*** Begin section ***

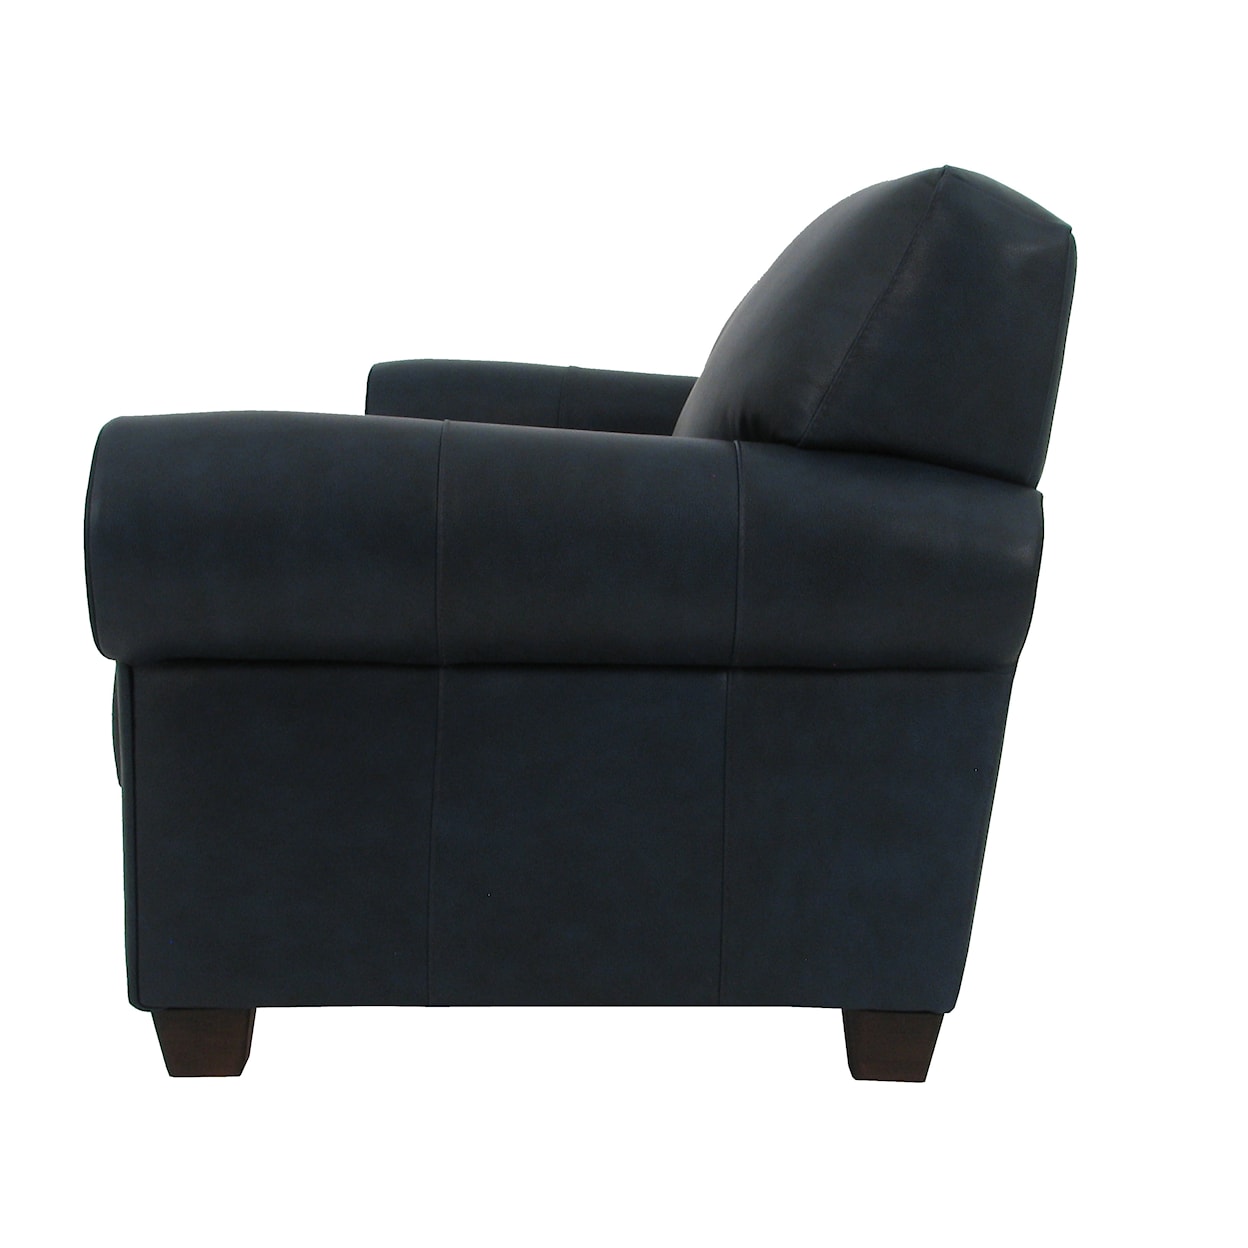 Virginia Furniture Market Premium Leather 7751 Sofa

*** End section ***
*** Begin section ***

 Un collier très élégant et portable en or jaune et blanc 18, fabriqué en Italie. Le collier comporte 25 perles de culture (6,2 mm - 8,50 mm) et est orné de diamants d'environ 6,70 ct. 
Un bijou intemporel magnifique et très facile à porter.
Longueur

*** End section ***
*** Begin section ***

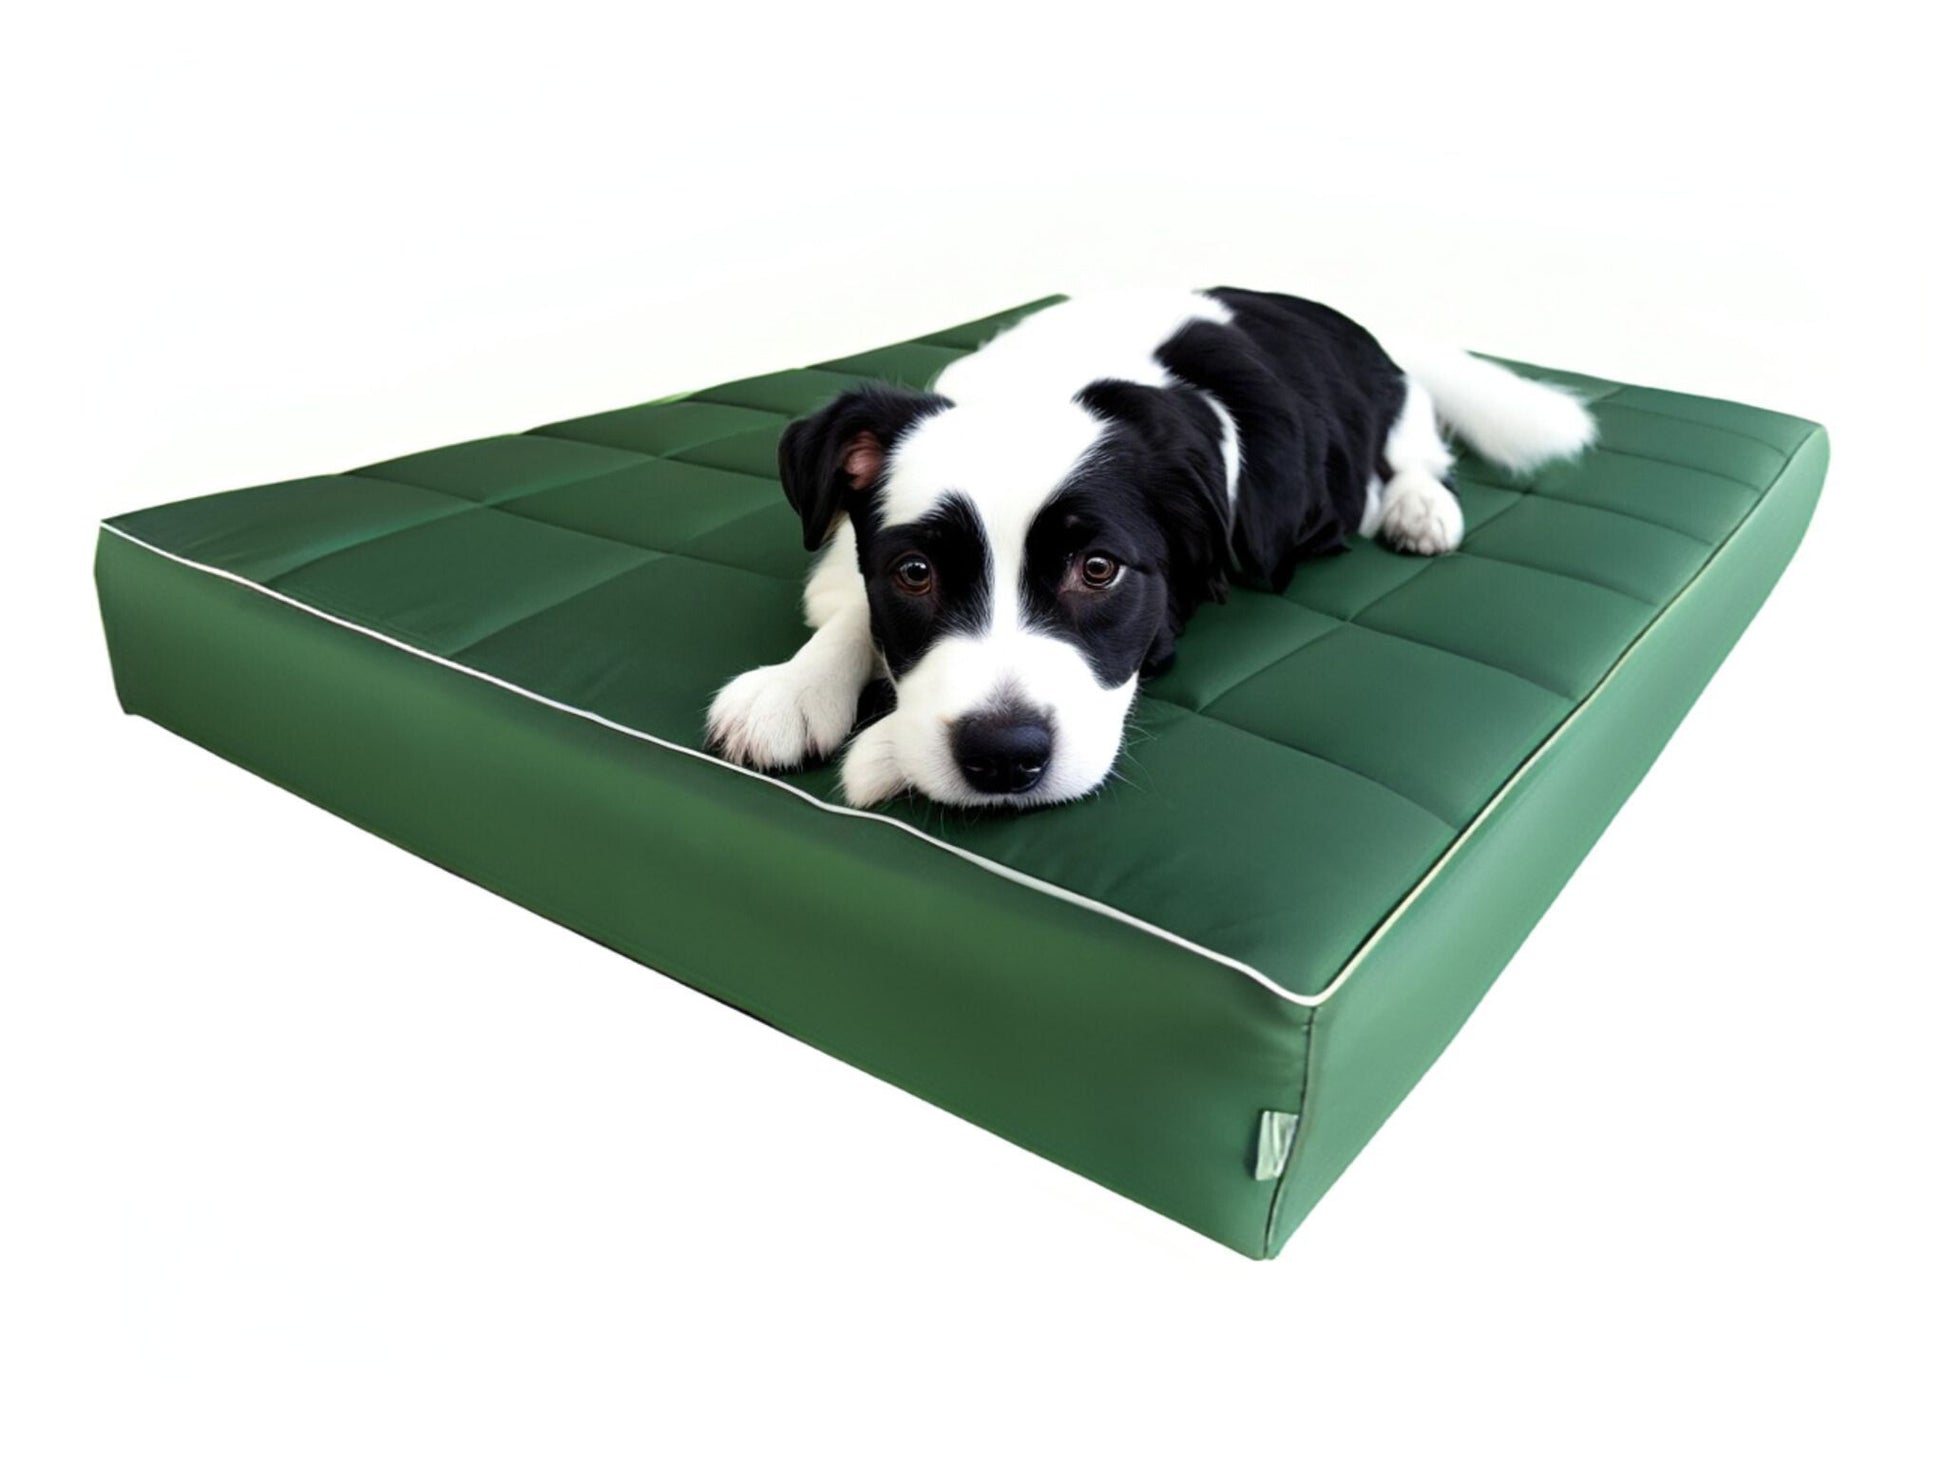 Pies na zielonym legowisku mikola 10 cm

*** End section ***

WORK REQUIRED: Take every line from the listing above that includes the word "très" and copy it.

REPLY TO THE TASK:
 Un collier très élégant et portable en or jaune et blanc 18, fabriqué en Italie. Le collier comporte 25 perles de culture (6,2 mm - 8,50 mm) et est orné de diamants d'environ 6,70 ct. 
Un bijou intemporel magnifique et très facile à porter.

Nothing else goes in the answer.